O enfrentamento do problema exige tornar as cidades mais resilientes, aptas para agirem rapidamente diante de eventos extremos.

Ações efetivas requerem medidas preventivas, com informações e treinamento para população, tecnologias para acelerar a ação em casos de emergência e locais preparados para receber provisoriamente as famílias em risco. A experiência internacional é vasta nesse tipo de prevenção.

O Brasil conta com modernos sistemas de previsão do clima. O Cemadem (Centro Nacional de Monitoramento e Alerta de Desastres Naturais), criado pelo governo federal em 2011, emite relatórios e alertas que permitem se antecipar às tempestades e atender as famílias antes das tragédias.

Por outro lado, medidas estruturais precisam ser implementadas para enfrentar as causas que geram as áreas de risco.

É necessário implementar a política fundiária prevista no PDE para combater a especulação com imóveis ociosos e subutilizados e ampliar a oferta de terras adequadas para a produção habitacional, e retomar a produção em massa de habitação adequada para a população de baixa renda, abandonada pelos três níveis de governo.

Bolsonaro (PL) extinguiu a Faixa 1, quando trocou o Minha Casa Minha Vida pela Casa Verde Amarela. Doria extinguiu a CDHU e, como a prefeitura de São Paulo, insiste em priorizar a PPP habitacional, que utiliza terrenos públicos, mas não atende majoritariamente as famílias que mais precisam do apoio do poder público.
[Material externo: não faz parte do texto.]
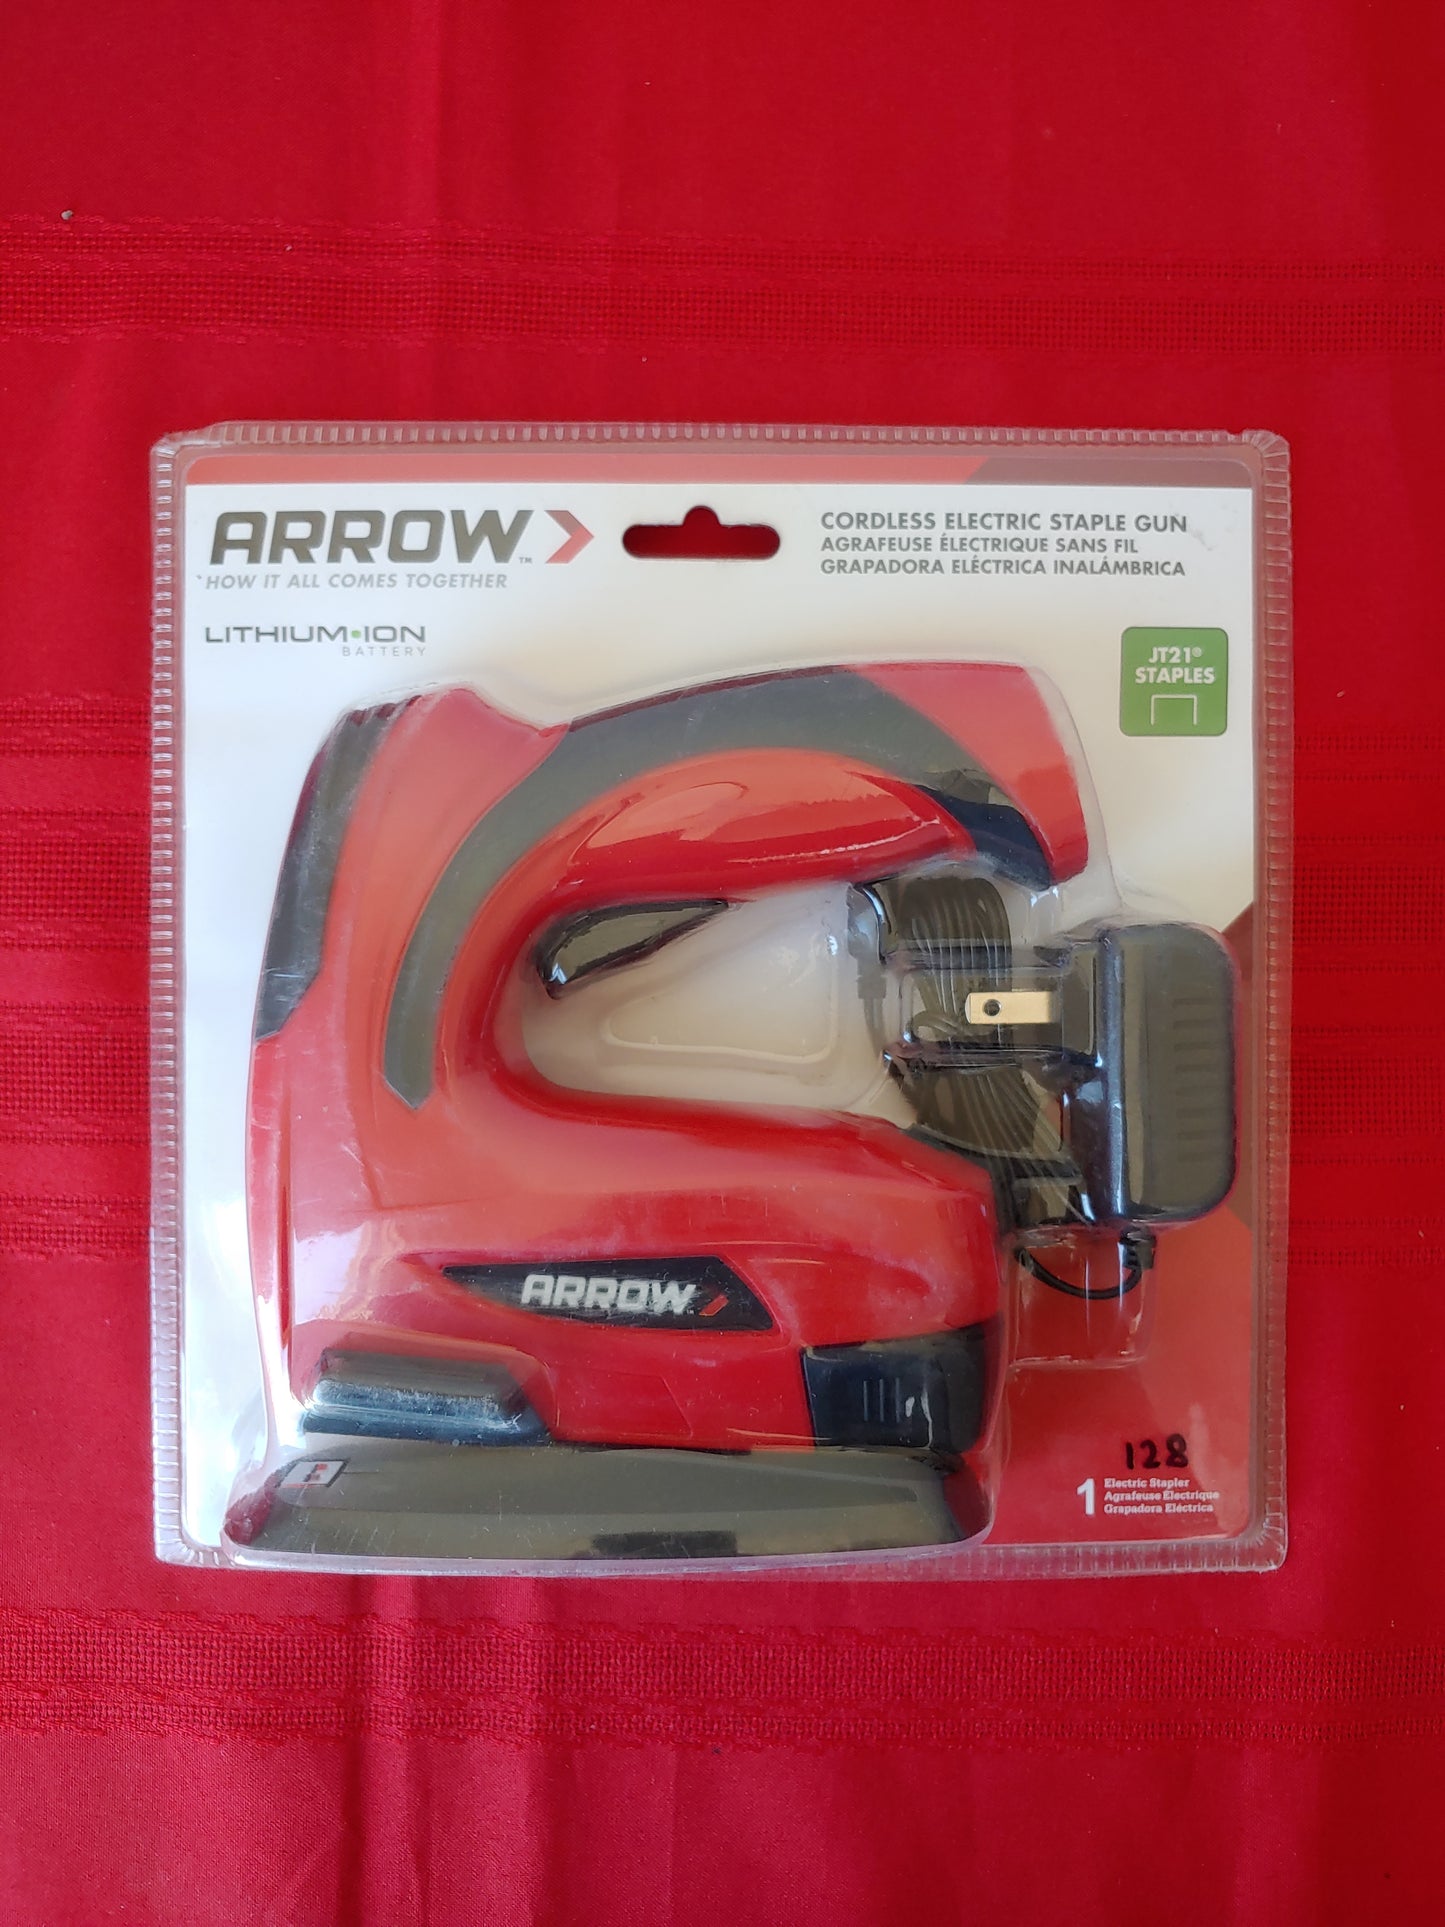 Engrapadora eléctrica inalámbrica de batería - Arrow (Nuevo, caja abierta)

Pouco pode se esperar das empobrecidas prefeituras da região metropolitana, como Franco da Rocha, onde ocorreram dezenas de mortes na semana passada. Provavelmente será para lá, onde os barracos em áreas de risco são mais baratos, que irão se dirigir as famílias que receberem a indenização que Nunes pretende pagar. Como ratos, as áreas de risco irão se reproduzir se nada mais for feito.